Sally considered this, nodding along with a sage look on her faintly smiling face.
"My family was killed by aliens. Does that mean I get to be a superhero, too?"
"Bitch, please. You got a spaceship. That makes you the closest thing to Captain Cosmos we have."
"True," Sally said as she preened. "It has a big death ray, too. Don't forget the big death ray."
Gripped with a sense of perverse curiosity, Bryan tendered a question.
"Did you ever kill anyone with it?"
Sally paused to consider the question. "Maybe. Most of the times we fired it, it was Chauncy who pressed the button."
He considered this. He didn't rightly know why he asked. Maybe he was concerned that she wouldn't be able to understand him unless they shared certain life experiences? Maybe he felt she was too innocent to understand such things?
It was difficult to tell.
"I have though."
"Have what?"
"Killed, before."
Her voice was hesitant, unsure how he would react. Bryan was surprised, but not in any way judgemental. Killing was simply a part of life for him. But he imagined that it meant something more to Sally, so he kept his expression neutral.
"Want to talk about it?"
She fidgeted under his gaze, glancing up to meet his eyes then down again when it got too difficult to hold his gaze.
"It was when we broke out of our cells. When we hijacked the Zeta," she explained to him. Sally paused and seemed to reconsider. She looked at him.
"I've never talked about this before. With anyone."
"Not even with Dr. Tercorien? Or Somah? Aren't they like your new step-parents?"
Sally shrugged and grimaced, "I thought about telling them. I know I didn't do anything wrong… not that killing isn't wrong, you know? But they didn't give us much of a choice and if I hadn't have done it then the Wanderer would have killed them anyway. But I just…."
"Never wanted to have to explain it to them."
"Yeah…"
They fell into a long silence, during which Bryan became increasingly sure that she had shut down entirely and was done speaking with him. But then she continued. And it was like she had been wanting to talk about this for years.
"It was a grenade. I did it with a grenade. One of the glowing green ones."
"A plasma grenade," he stated.
"Yeah, one of those. We were in this hallway near the Holding Cells on the lower levels, and there was this patrol of aliens waiting around the corner. I was just a kid back then, which meant I was small enough to crawl through the vents to get past them. I…"
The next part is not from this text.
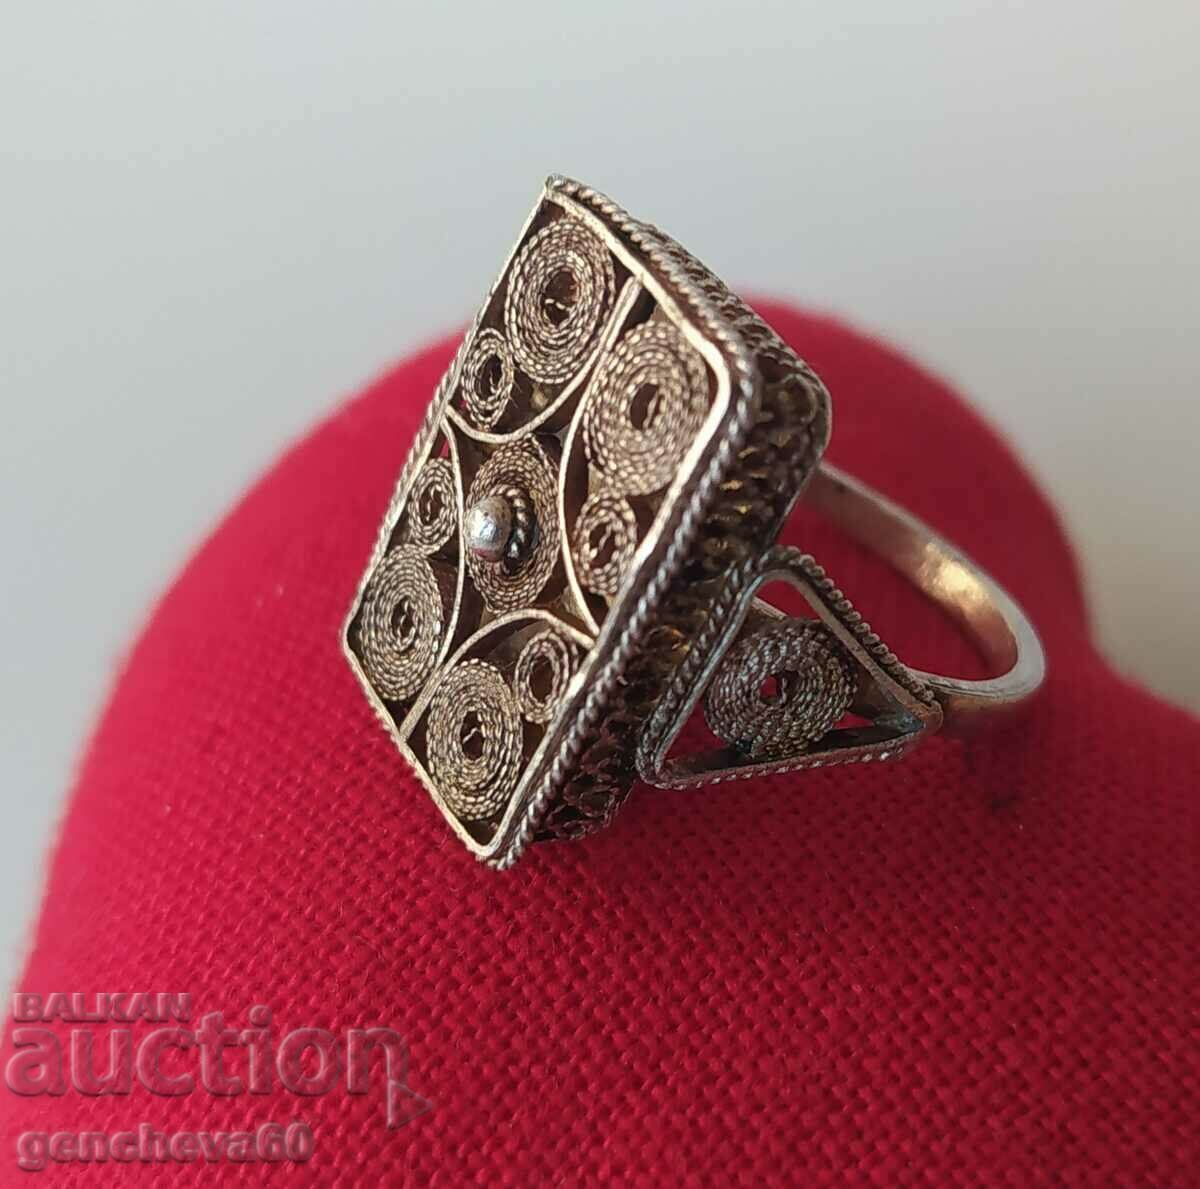 Bolyar silver ring filigree/Revival

She gulped and cleared her throat.
"I offered to take one of Chauncy's grenades and drop it on them from inside the vent. Surprise them, you know?"
Bryan nodded. It was a slick play. A good move. Strike first with overwhelming firepower and do it in a way where the aliens couldn't fight back. It was the ideal opening gambit.
"I was the one who offered to do it. I didn't even feel bad afterwards. I even kind of enjoyed it, you know? Like extreme hide-and-seek."
Judging from her voice, which trembled ever so slightly, she hadn't enjoyed having to remember it as she got older. As she slowly grew into the understanding of what she had done. Of what it meant. For her. For them.
"I didn't want to tell anyone. I didn't want them to get the wrong idea, you know? I was just a kid. Kids don't know any better, you know? I'm not a bad person."
She met his eyes, showing him the tears that spilled down her pale cheeks.
"…am I?"
'If that's all it takes to be a bad person, then I'm not exactly a saint myself.'
He didn't answer immediately. He got up, crossed over to her, and opened the nest of blankets enough to slide into the packed fabric alongside her. Her small body fitted perfectly into his side, as if she had been made to lean up against him. He wrapped an arm around her and found that she almost immediately relaxed into him like a plant growing towards the light.
"No," he reassured her with absolute confidence, "You're not."
They sat there, gazing out into Arcturus, the blazing circle that was the Red Giant drifting lazily across the bridge window as the Zeta made its way through space. They feel asleep together, slipping silently into repose.
And Bryan never noticed that his foot had stopped tapping.